◆ COLLECTED MATERIAL
_ _ _ _ _
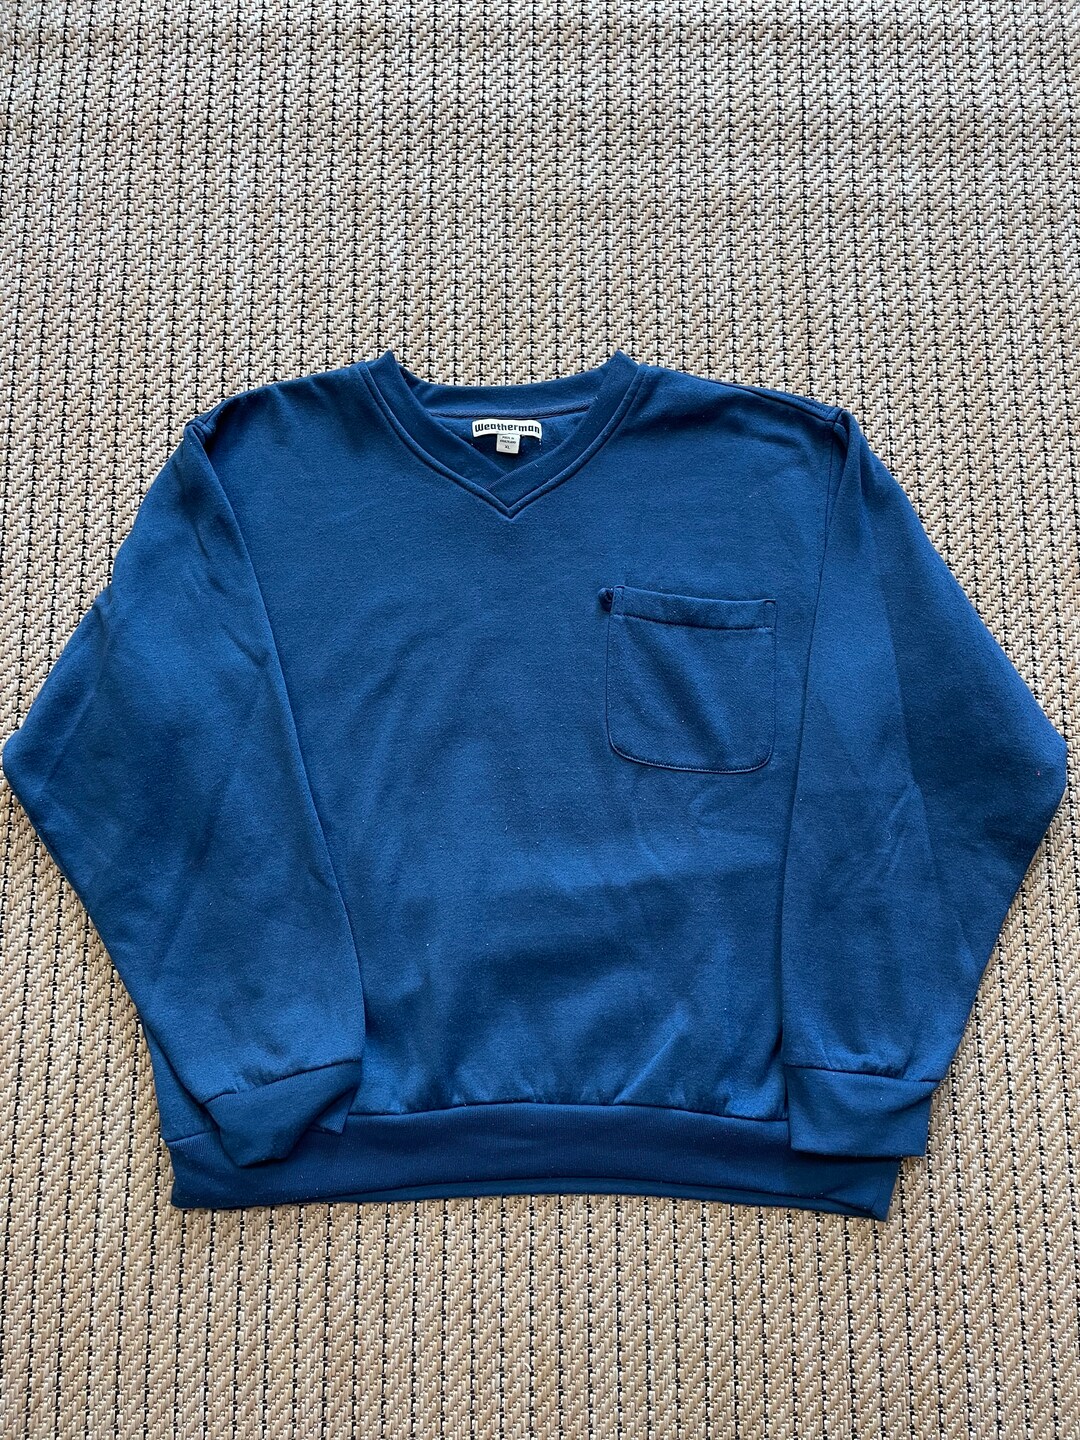 Vintage Weatherman Brand Pullover Sweatshirt Size XL - Etsy
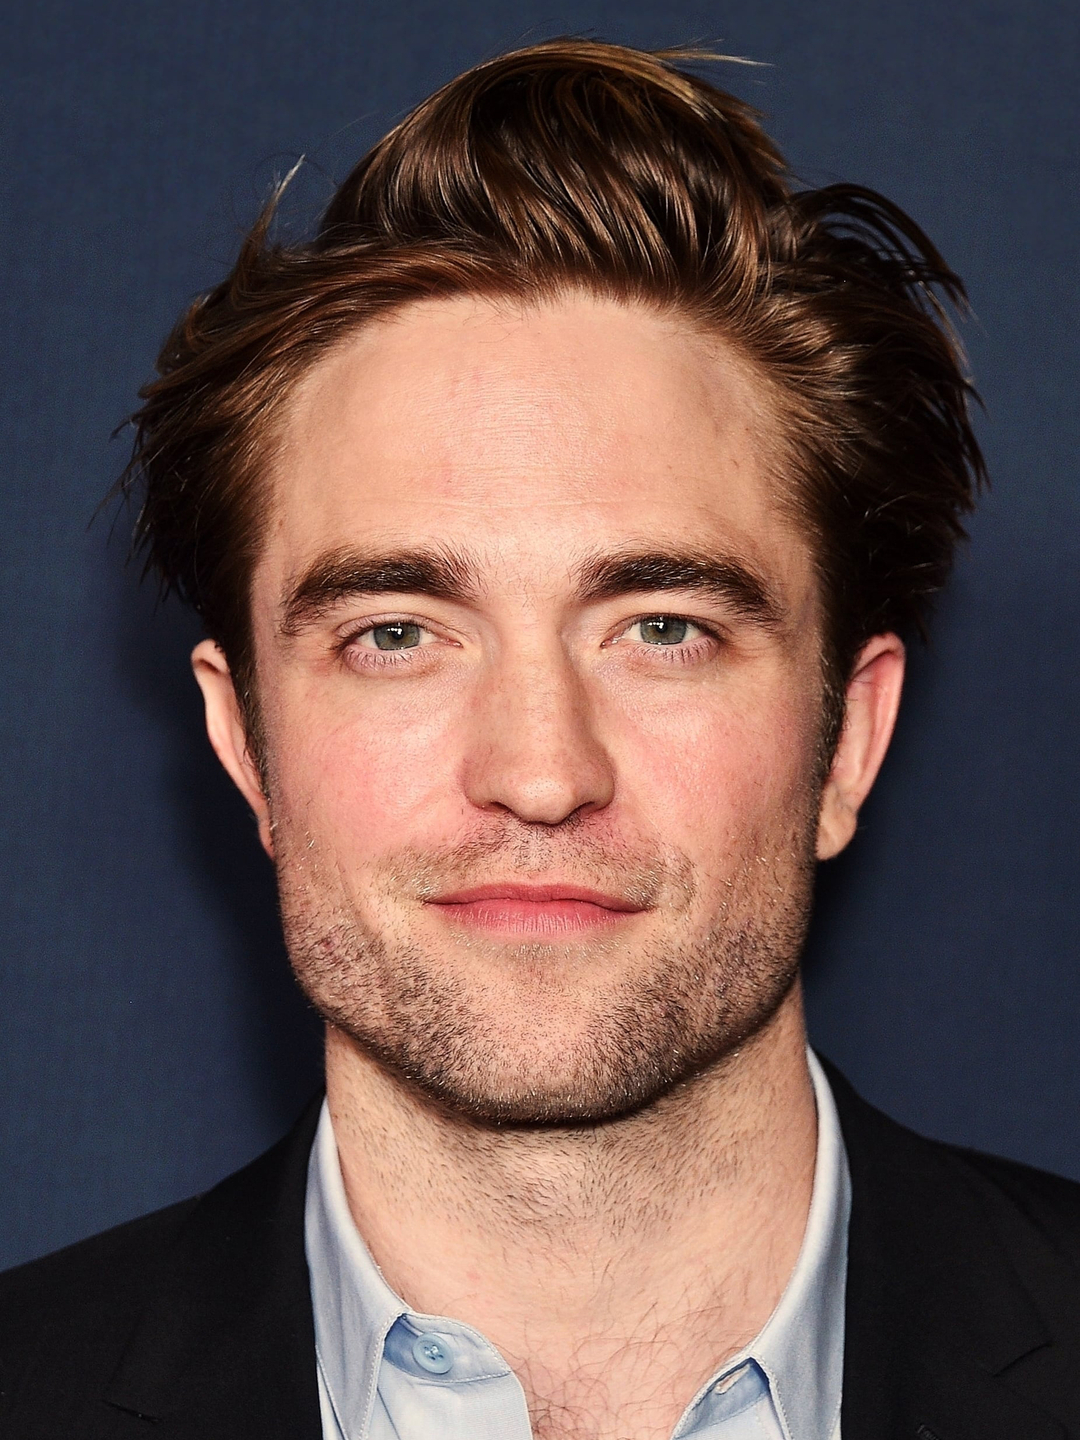 Robert Pattinson biography
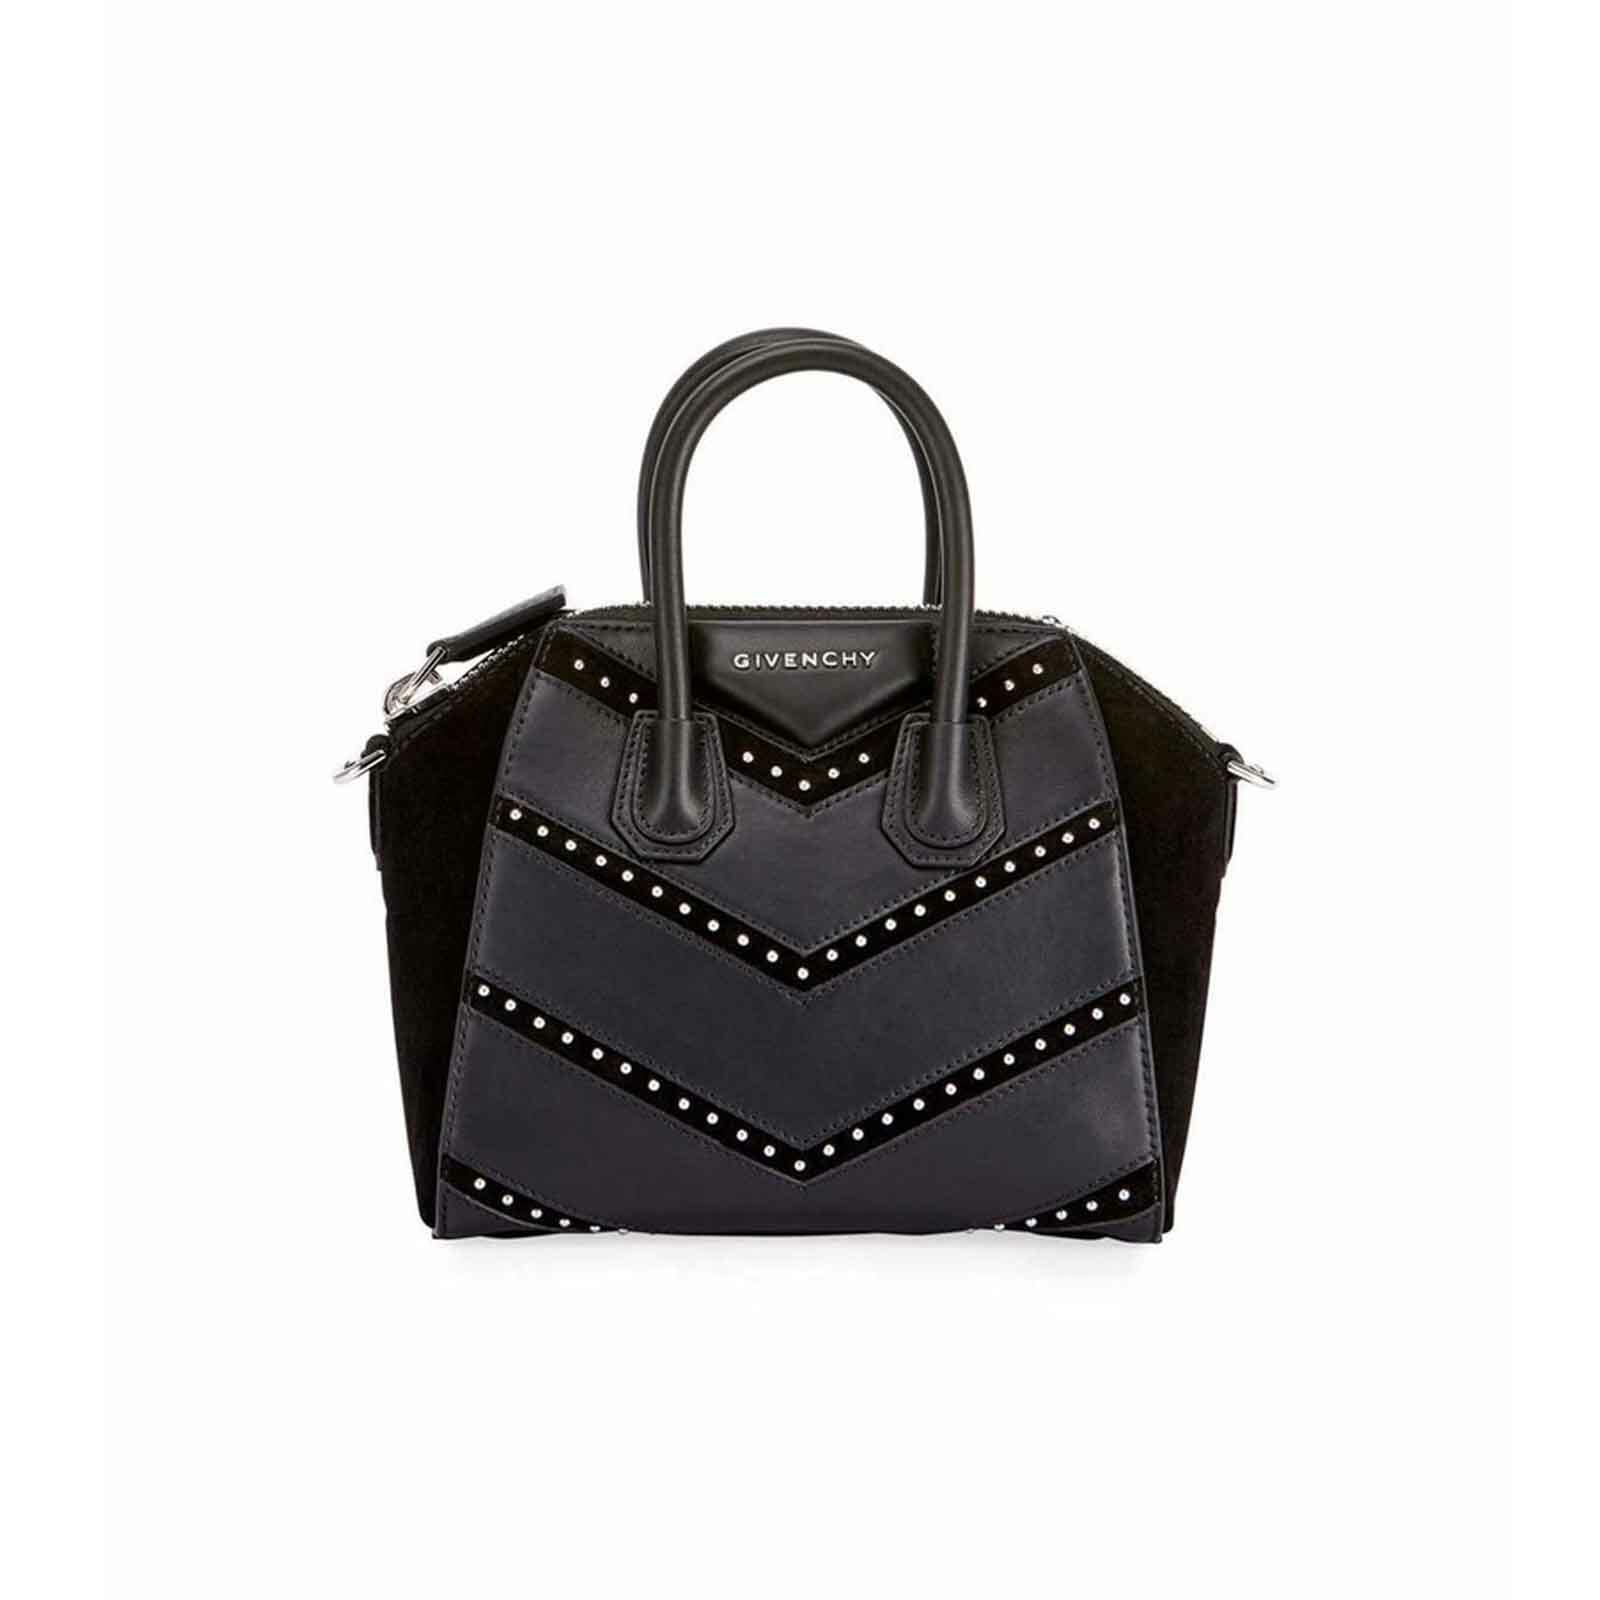 Authentic Designer Handbags - Handbagholic
_ _ _ _ _
◆ THE PROBLEM
Could you return the whole listing exactly, with every picture removed?

◆ EXERCISE SOLUTION
 Vintage Weatherman Brand Pullover Sweatshirt Size XL - Etsy
 Robert Pattinson biography
 Authentic Designer Handbags - Handbagholic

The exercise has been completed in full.